The Twenties as a golden age[edit]

  • Although the decade saw sustained growth when taken as a whole, the economy actually went into recession four times during the '20s.
  • Nearly half of Americans were farmers or otherwise employed in agriculture. The '20s marked the beginning of the decline of the American farmer as demand for foodstuffs fell at the end of World War I and the beginnings of the Dust Bowl hit. Farmers came to rely on credit to scrape by, and this only got worse in the '30s.
  • Increasing reliance on credit and stocks in general. The early 20th century is often called the "Second Industrial Revolution", differentiating itself from the first by advances in mass production techniques and a focus on consumer products rather than heavy industry. Those who saw their wages rising bought up new consumer products like radios and telephones like crazy. However, those who couldn't afford them used credit and "buy now, pay later" programs to stock up on these products. The stock market became the new "hot thing" and financial "entrepreneurs" encouraged heavy investment in the market. This didn't work out so well by 1929.

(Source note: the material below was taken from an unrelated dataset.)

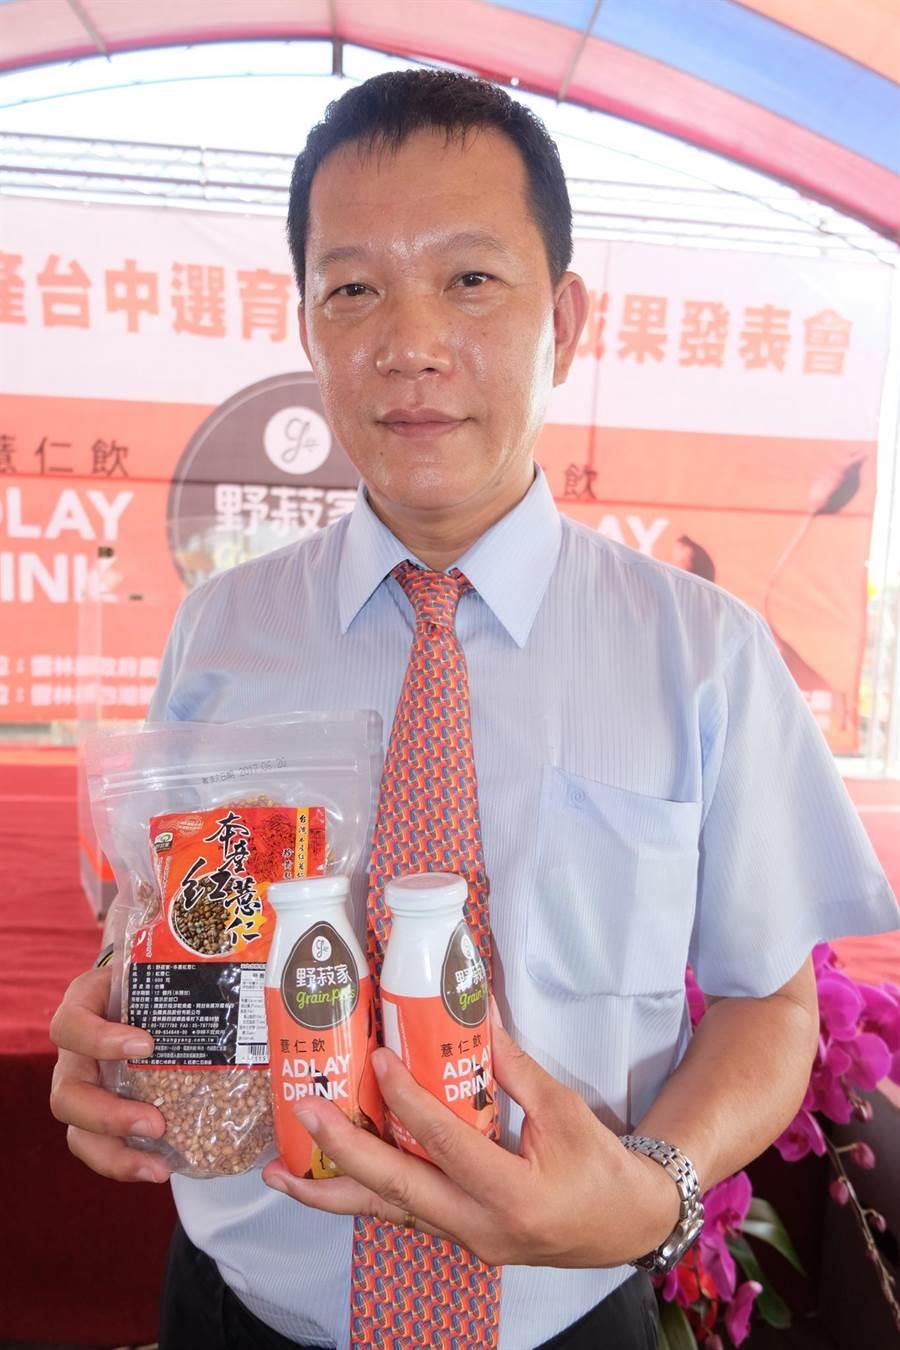 弘陽食品董事長謝奇峰與農民契作薏仁,打造雲林優質農產與加工品。(張朝欣攝)

  • Widespread fraud in the financial and banking sectors. Scammers, swindlers, economic woo-meisters, and crooked banksters of all types ran wild during this period. This corruption wasn't uncovered until the Pecora Commission under Hoover and FDR, which eventually led to the creation of the SEC to prevent this sort of financial fraud.
  • The Florida land boom. In the early 20s, land speculators began building huge developments in Florida, especially around Miami. Large swaths of the Everglades were drained, streets with underground utilities were laid, and thousands of build-to-order lots were sold. While some developers were legitimate, others built houses of ticky-tacky,[note 1] while others just took the money and ran. This led to one of the first housing bubbles large enough to acquire national fame. The bubble — actually, the first of a series of bubbles — burst in 1925. Major hurricanes in 1926 and 1928 and the stock market crash of 1929 only served to accelerate the collapse. The infamy of this particular land boom lingered for more than 50 years. Even as late as the 1980s, it was not uncommon for Americans who heard a spiel from a con artist or a gullible person to respond by saying "Yeah, and I've got some swampland in Florida I'd like to sell you."[note 2] And for decades it was also common to see houseless streets and town plats from the air, although many have since been overgrown.

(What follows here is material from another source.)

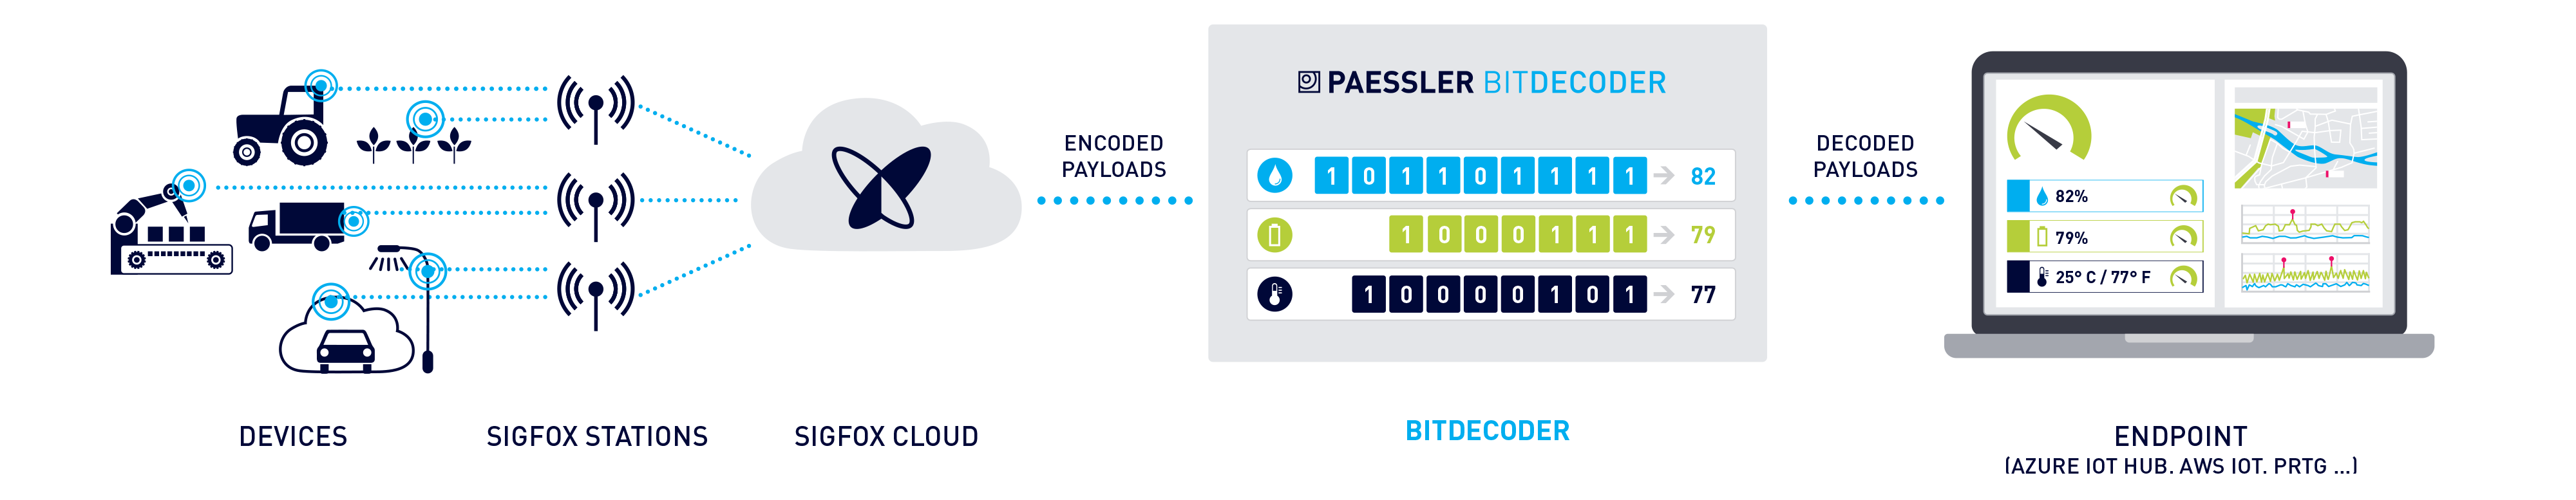 bit-decoder-1

  • Despite the trust-busting of the Progressive Era, the economy was still plagued by a number of oligopolies. Some economic historians claim that the recession of 1927 was caused by Henry Ford temporarily shutting down his factories to retool them and switch over production from Model Ts to Model As.

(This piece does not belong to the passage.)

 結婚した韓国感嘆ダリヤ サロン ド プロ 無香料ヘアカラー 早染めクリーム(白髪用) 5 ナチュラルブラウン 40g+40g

  • It's rather ironic for social conservatives to be waxing nostalgic about the Roaring '20s considering:
    • Lax morality and changing gender roles. The flappers were trend-setters who acted more like men, i.e., smoking, drinking, being more independent in general, and playing a more dominant role in relationships.
    • Prohibition caused infamous gangsters like Al Capone to rise to power. And with the advent of speakeasies, people still drank. A lot.
    • The first Red Scares began in the late teens and early twenties.
    • Moral panic over "jazz culture" because of its roots in black culture and marijuana scares.

External links[edit]

Notes[edit]

  1. To call them "substandard" would be misleading since building standards in many Southern Florida counties were virtually non-existent.
  2. In fact, in the 1990s The Simpsons made a joke about it when Bart was forced to write "I will not sell land in Florida" in the opening credits of one episode. (A screenshot of this can be seen on this HuffPo page.)